═══ Supplied information ═══

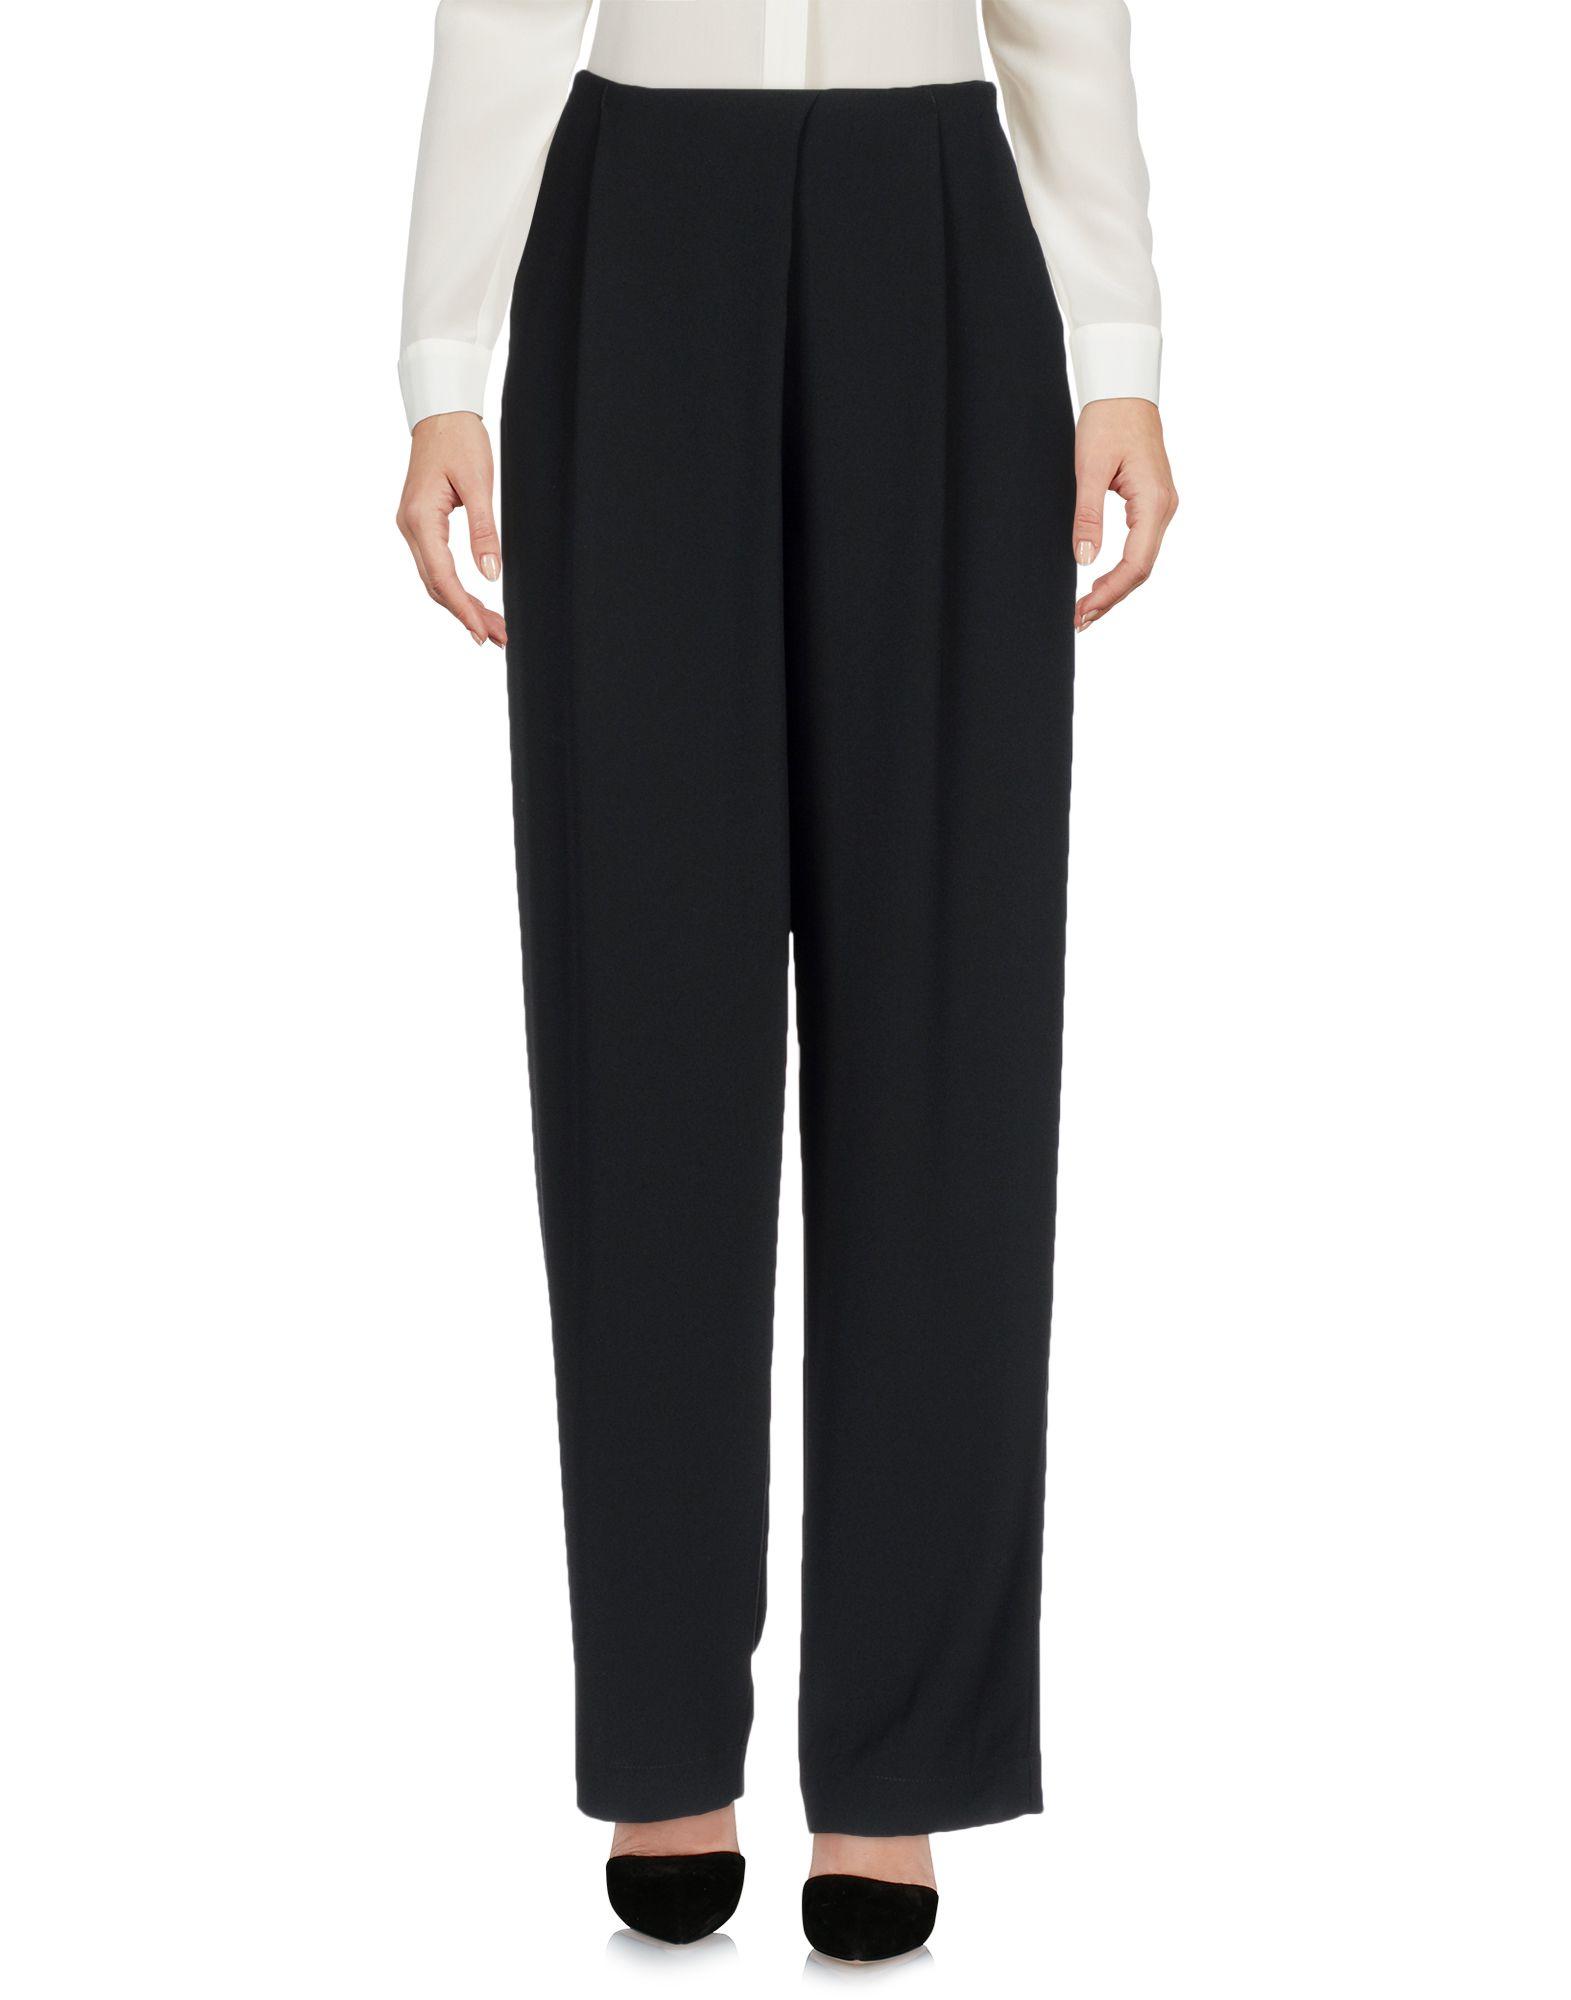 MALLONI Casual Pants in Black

═══
═══ Supplied information ═══

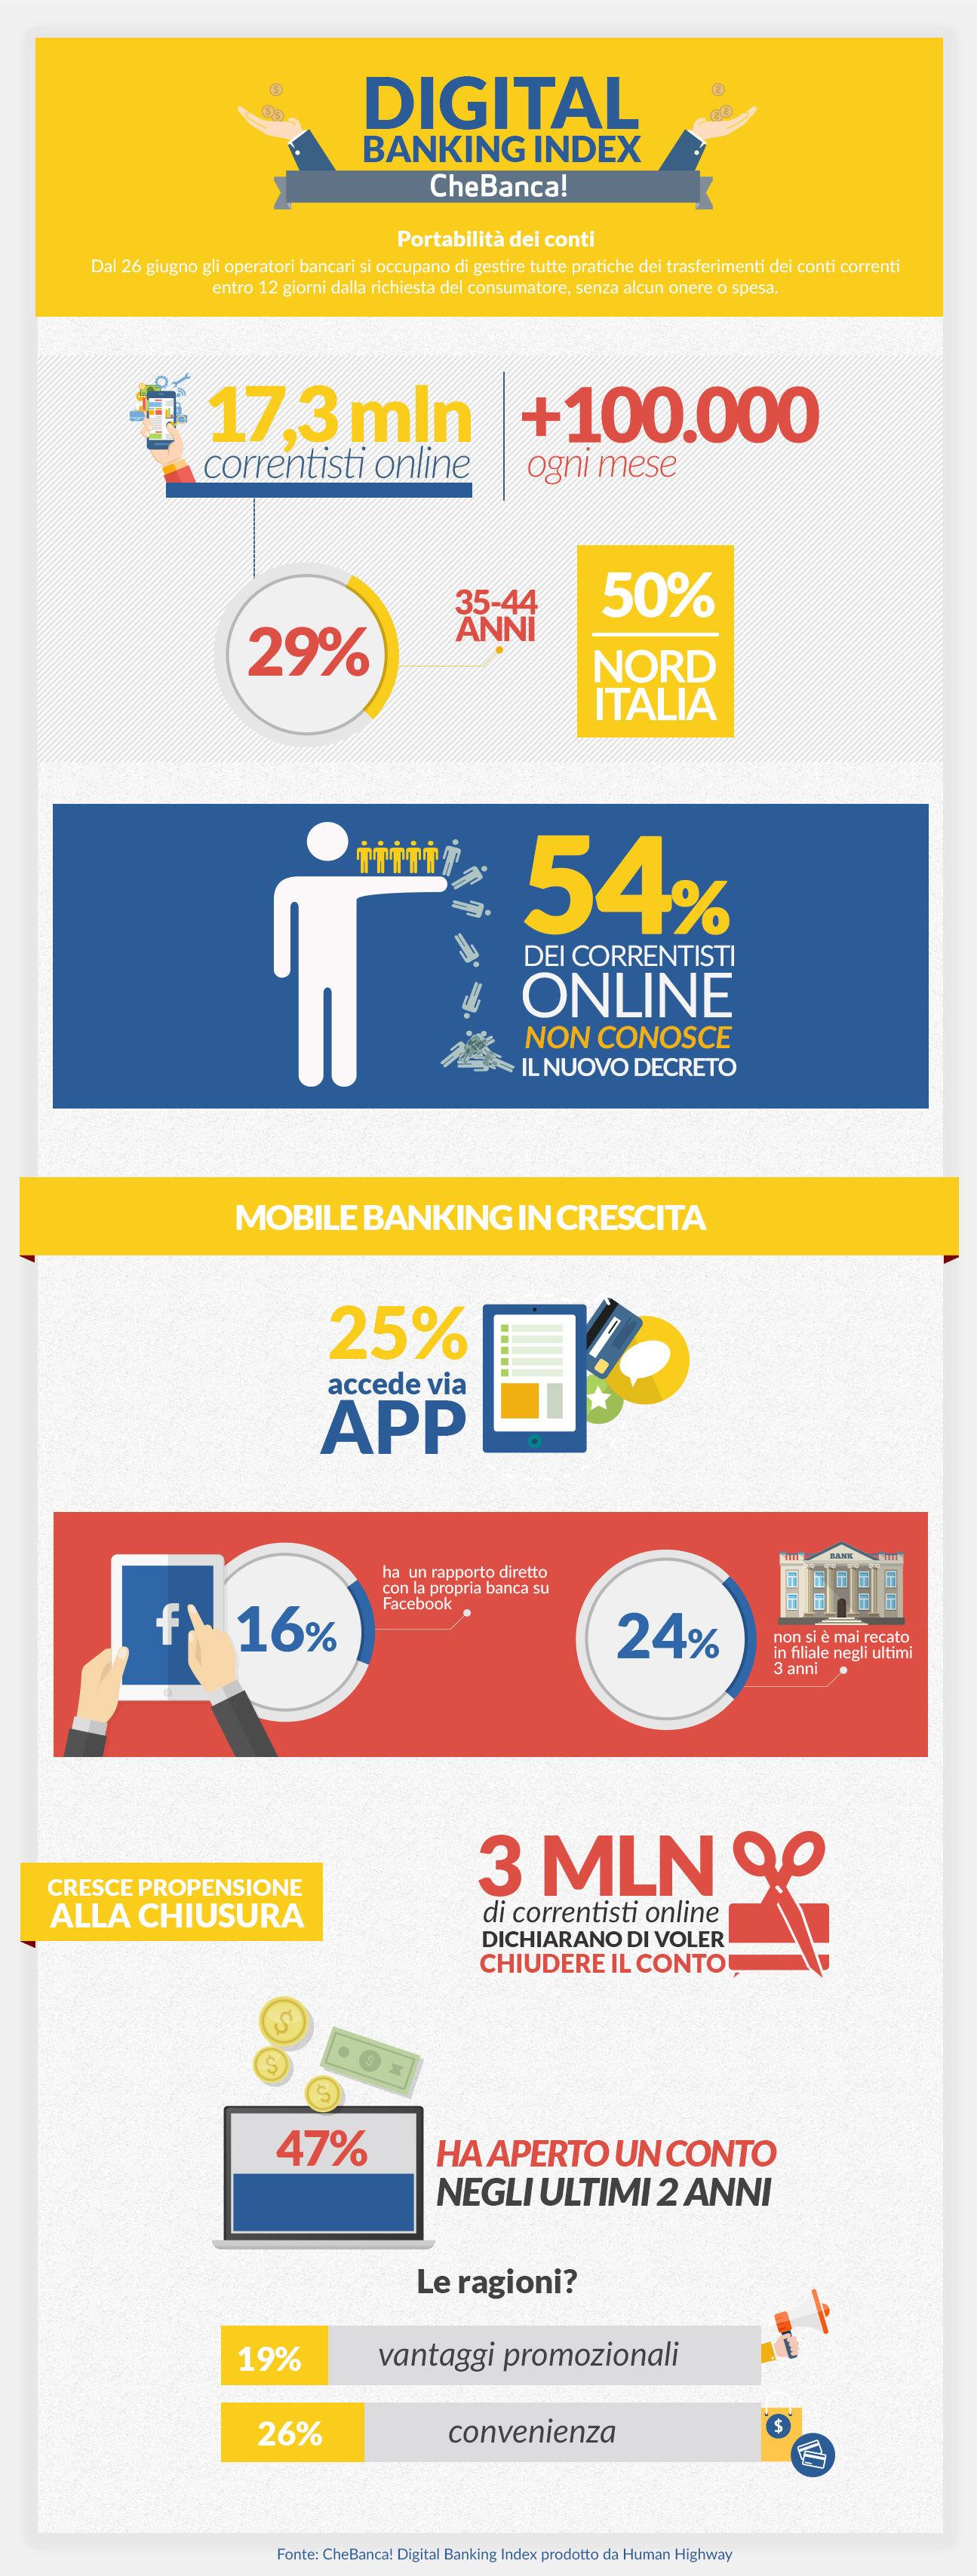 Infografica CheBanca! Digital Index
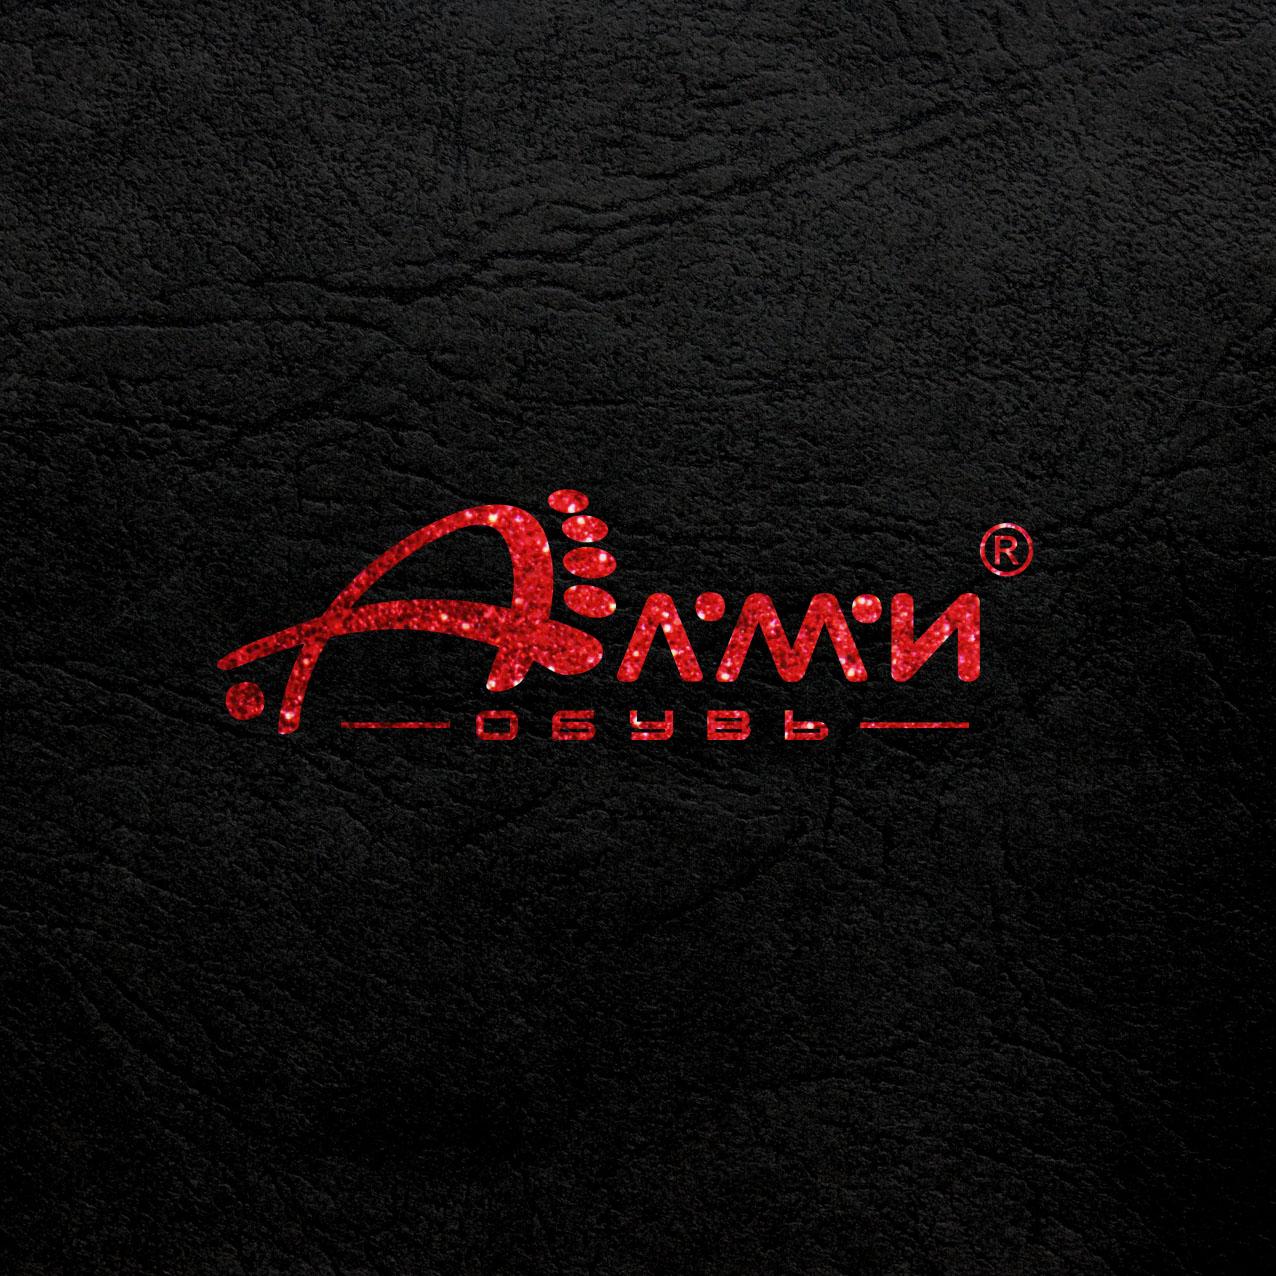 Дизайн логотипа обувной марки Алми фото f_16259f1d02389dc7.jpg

═══

= Work item =
Working from the records above, set down word for word everything from the line containing "Infografica CheBanca! Digital Index" down to the line containing "Дизайн логотипа обувной", ends included, minus the pictures.

= Written response =
 Infografica CheBanca! Digital Index
 Дизайн логотипа обувной марки Алми фото f_16259f1d02389dc7.jpg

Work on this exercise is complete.